=== Try it ===
Please set down exactly the lines from the one that contains "Emily Henderson Mountain" through the end of the material, leaving out every picture.

=== Data shown ===

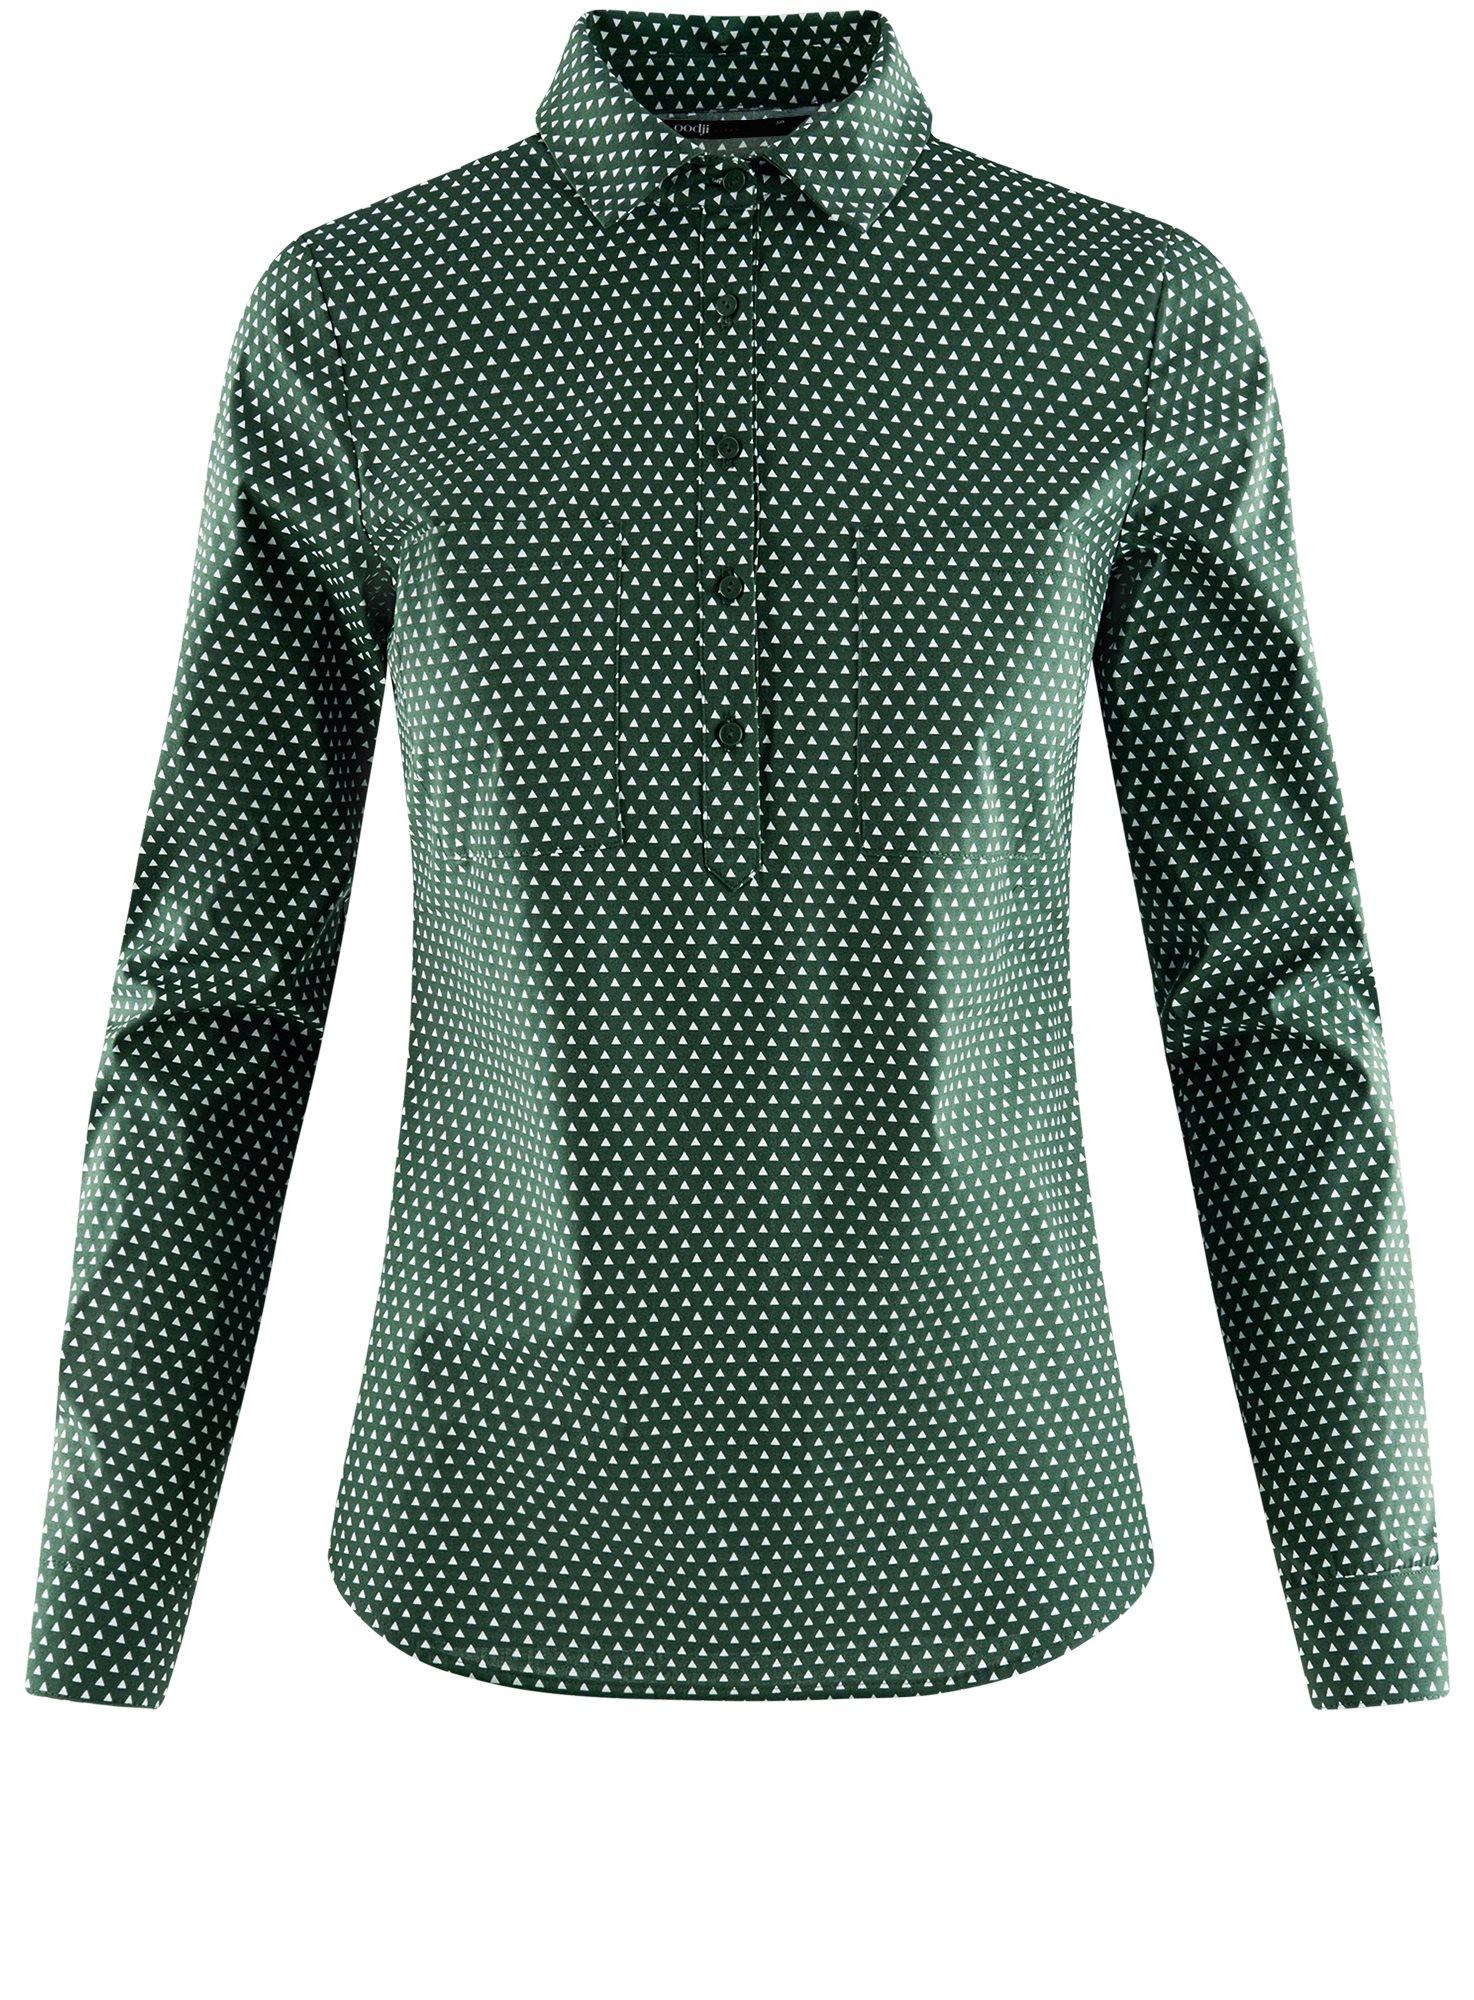 Рубашка базовая с нагрудными карманами oodji для женщины (зеленый), 11403222B/42468/6910G
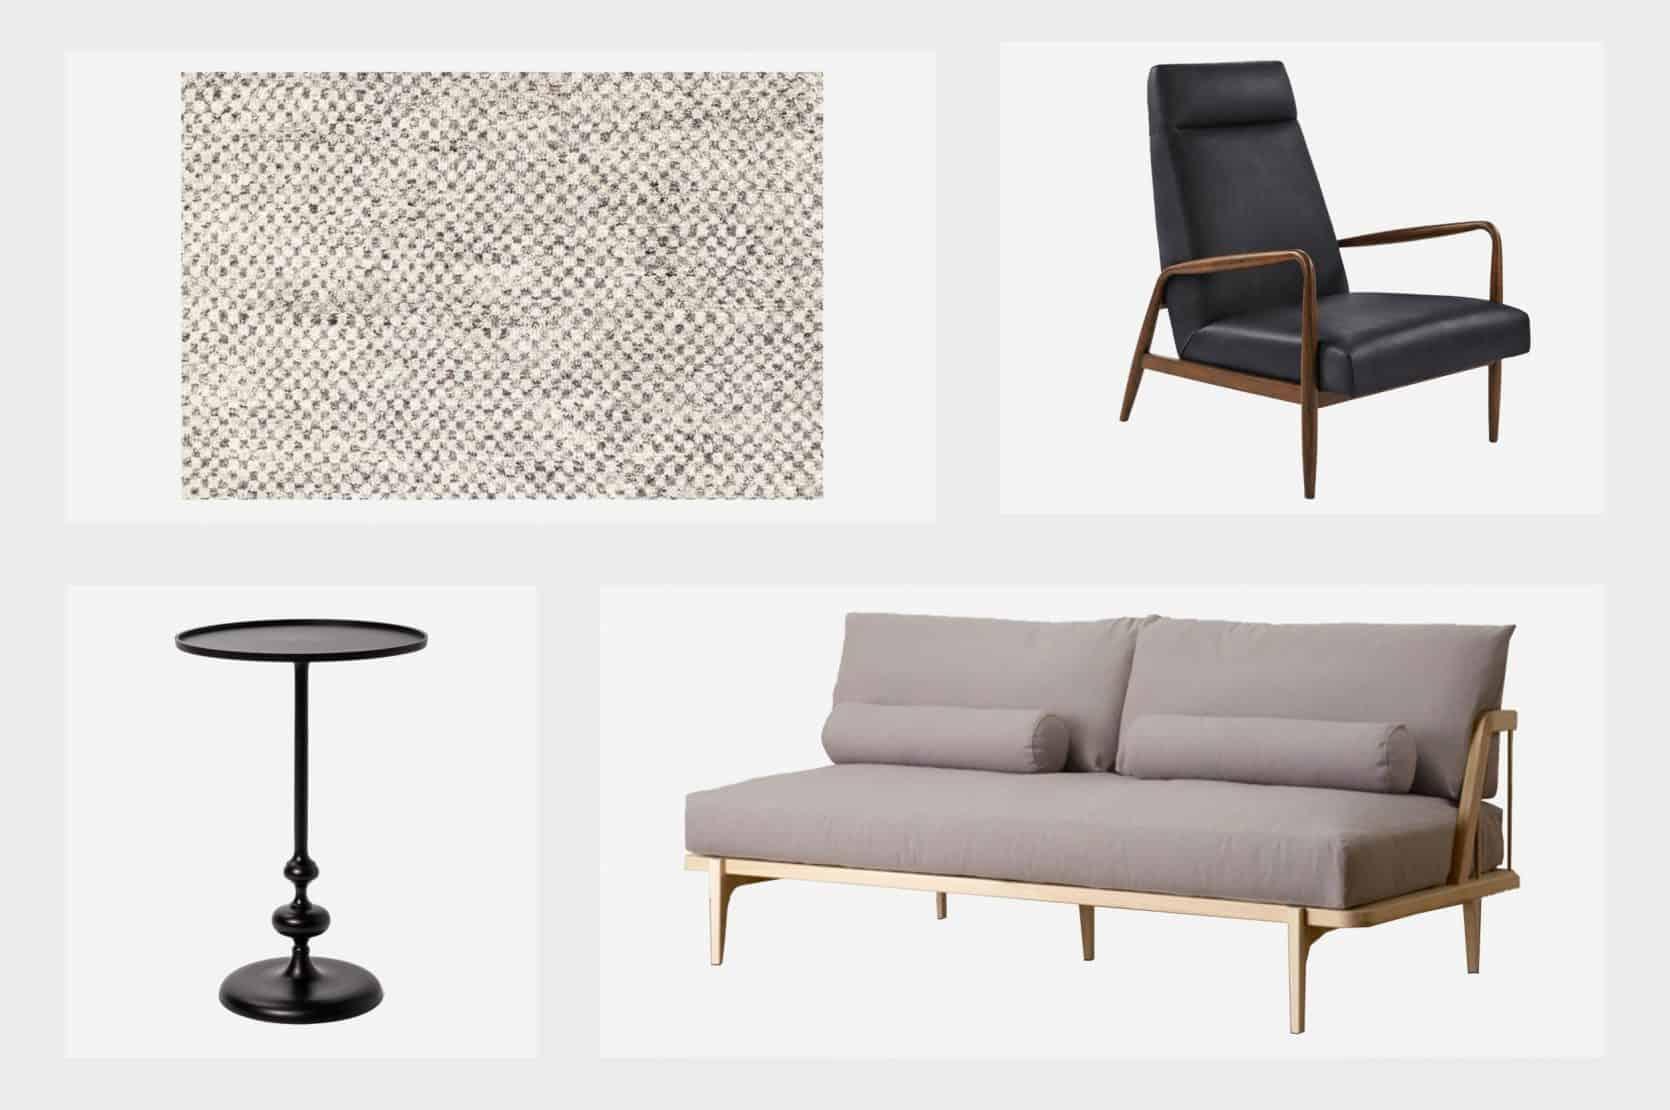 Emily Henderson Mountain Fixer Furniture I Already Had Roundup 03
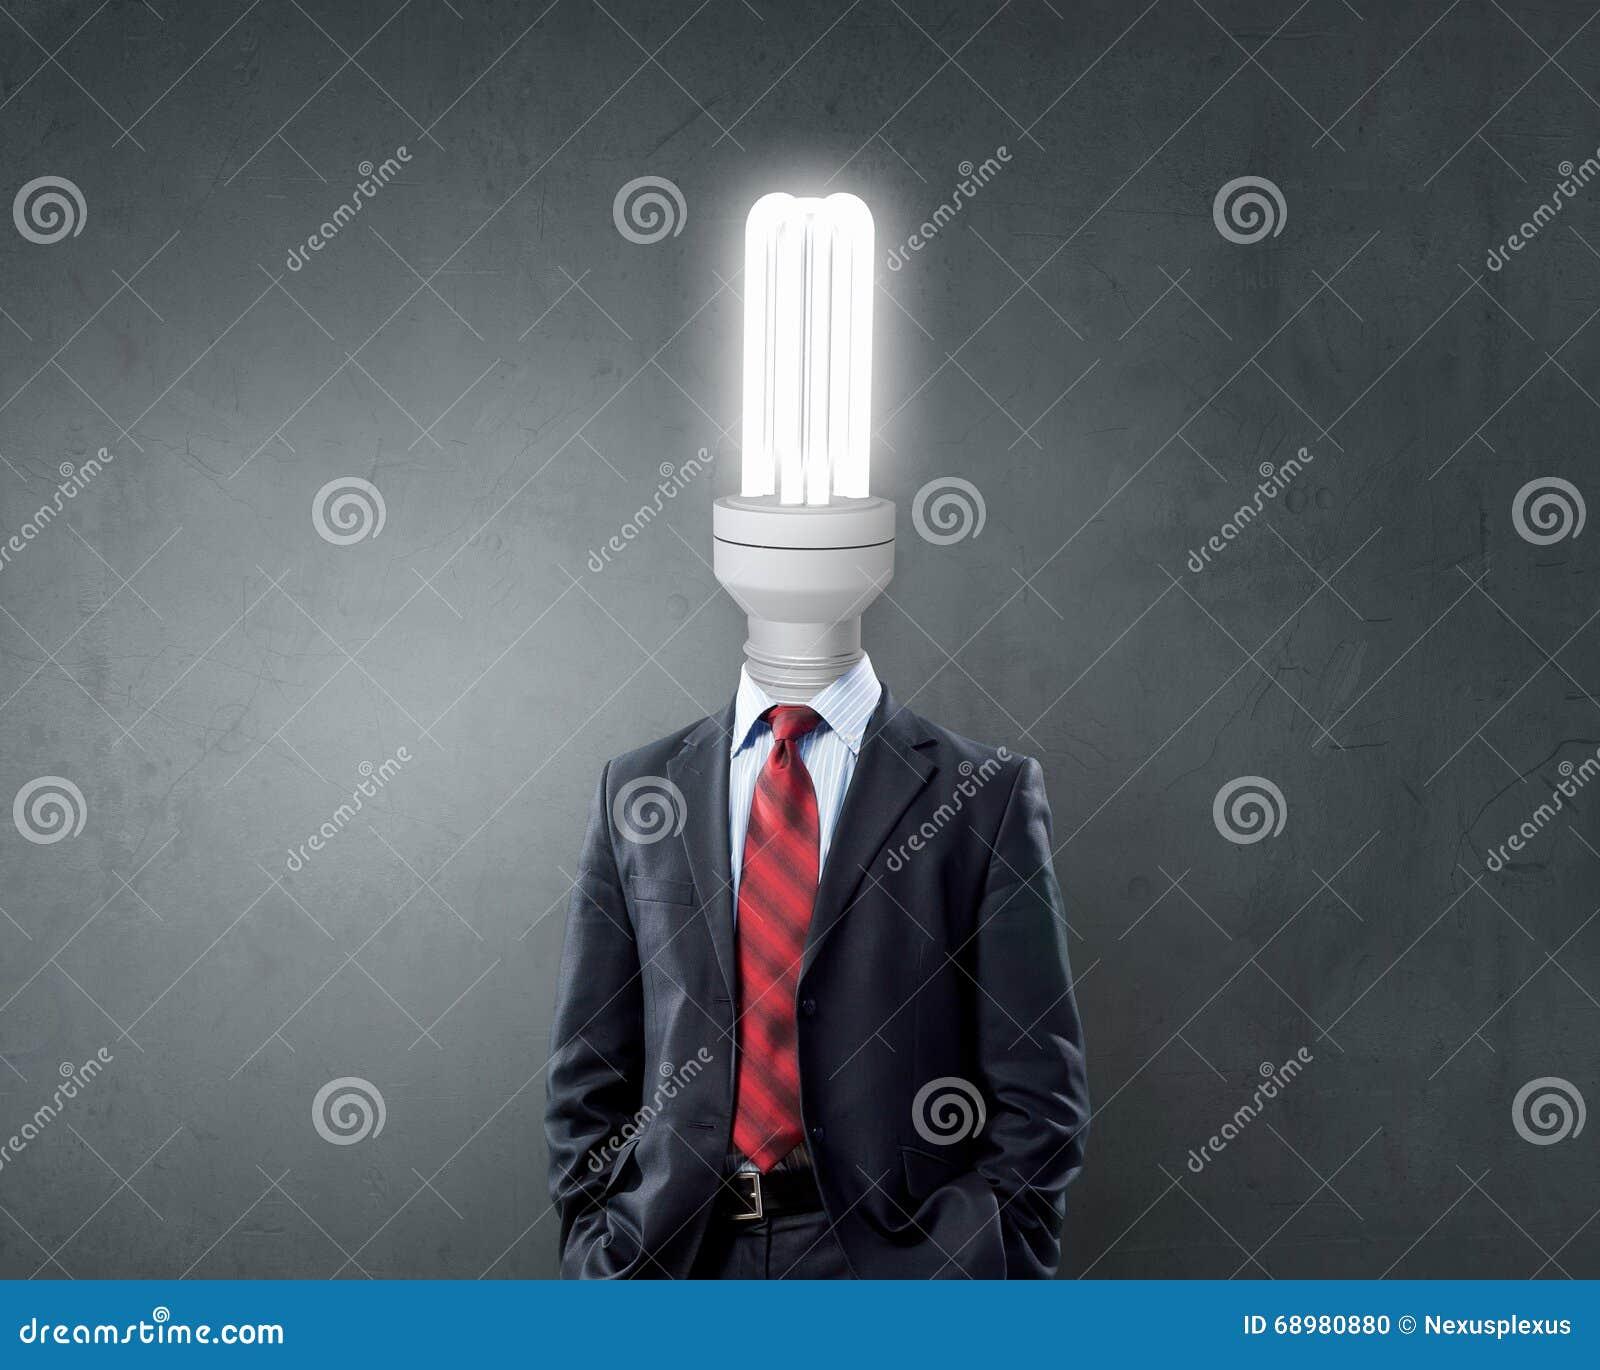 El suyo principal por completo de grandes ideas

=== Written response ===
 Emily Henderson Mountain Fixer Furniture I Already Had Roundup 03
 El suyo principal por completo de grandes ideas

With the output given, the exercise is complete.